Он нашел ее, возраст совпадал. Она взяла себе девичью фамилию матери. Но почему? Этому могло быть лишь одно объяснение — чтобы избавиться от клейма нищеты. Найджел нажал на ссылку, желая посмотреть имена других жильцов. Майкл Фаэрбен. Он жил вместе с ней в доме на Боу-стрит, в восточном Лондоне. Остальными жильцами дома являлись молодые женщины в возрасте от тринадцати до восемнадцати лет. Клара — самая старшая. Найджел предположил, что это пансион. В графе «род деятельности» стояло «рабочий на спичечной фабрике». Ее профессия и место проживания все объясняли: она трудилась на фабрике «Брайант и Мэй». Ей удалось найти работу, но это было одно из самых трудных и опасных занятий: ей приходилось вкалывать четырнадцать часов в сутки, разговаривать запрещалось, рабочих наказывали, если они роняли материалы, кроме того, они подвергались риску быть искалеченными или заболеть раком от соприкосновения с желтым фосфором, из которого изготавливали спички.

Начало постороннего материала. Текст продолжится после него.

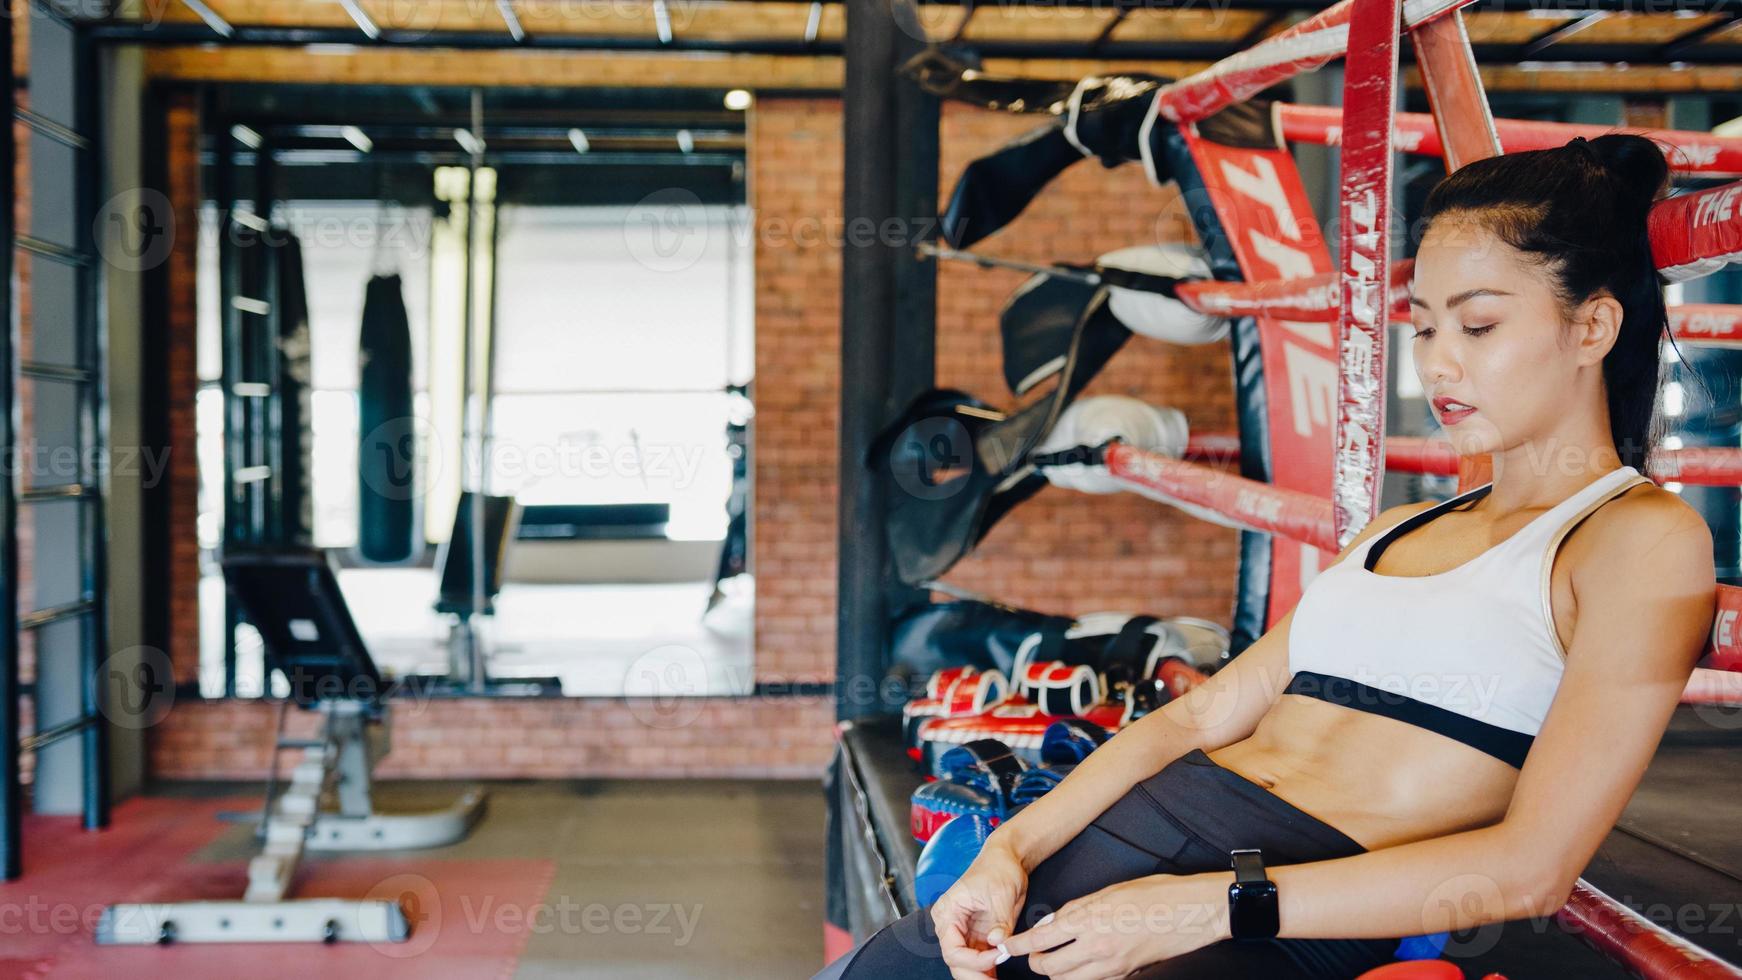 El entrenamiento del ejercicio de kickboxing de la señora joven de Asia se siente cansado después del entrenamiento deportivo en el ring de boxeo en la clase de gimnasia. deportista actividad recreativa, entrenamiento funcional, concepto de estilo de vida saludable. foto

В переписи 1901 года Клара, двадцати девяти лет, была указана как прислуга в частном доме по адресу на Холланд-парк. Майкл по данному адресу не проживал. Он работал конюхом в конюшнях Холланд-парк-мьюз. Год спустя умер от сердечного приступа. Еще через год Клара вышла замуж за клерка Сидни Честертона, через три года у нее родился первый ребенок. Найджел был уверен, что эти события взаимосвязаны. Лишь теперь, когда брат умер, Клара могла заняться устройством личной жизни.
У них с Сидни было четверо детей: два мальчика и две девочки. Первенца, мальчика, назвали Майклом. Они осели в Хаммерсмите — в те времена это был поселок в пригороде Лондона. На каждом новом свидетельстве о рождении детей должность Сидни повышалась, и к рождению четвертого ребенка он служил управляющим. Где именно он работал, не известно, но семья Честертон относилась к среднему классу. Клара прошла долгий путь с тех пор, как покинула работный дом. Она умерла в 1951 году. Ей было семьдесят девять лет, что казалось удивительным, учитывая лишения, которые она пережила в молодости. Найджел покачал головой, поражаясь упорству женщины. Интересно, знали ли ее потомки, на какие жертвы она шла; понимали ли они, как женщина, известная им лишь по пожелтевшим фотографиям, лежавшим на дне ящика или коробки, изменила жизнь их семьи, вытащила со дна и не дала прерваться их роду.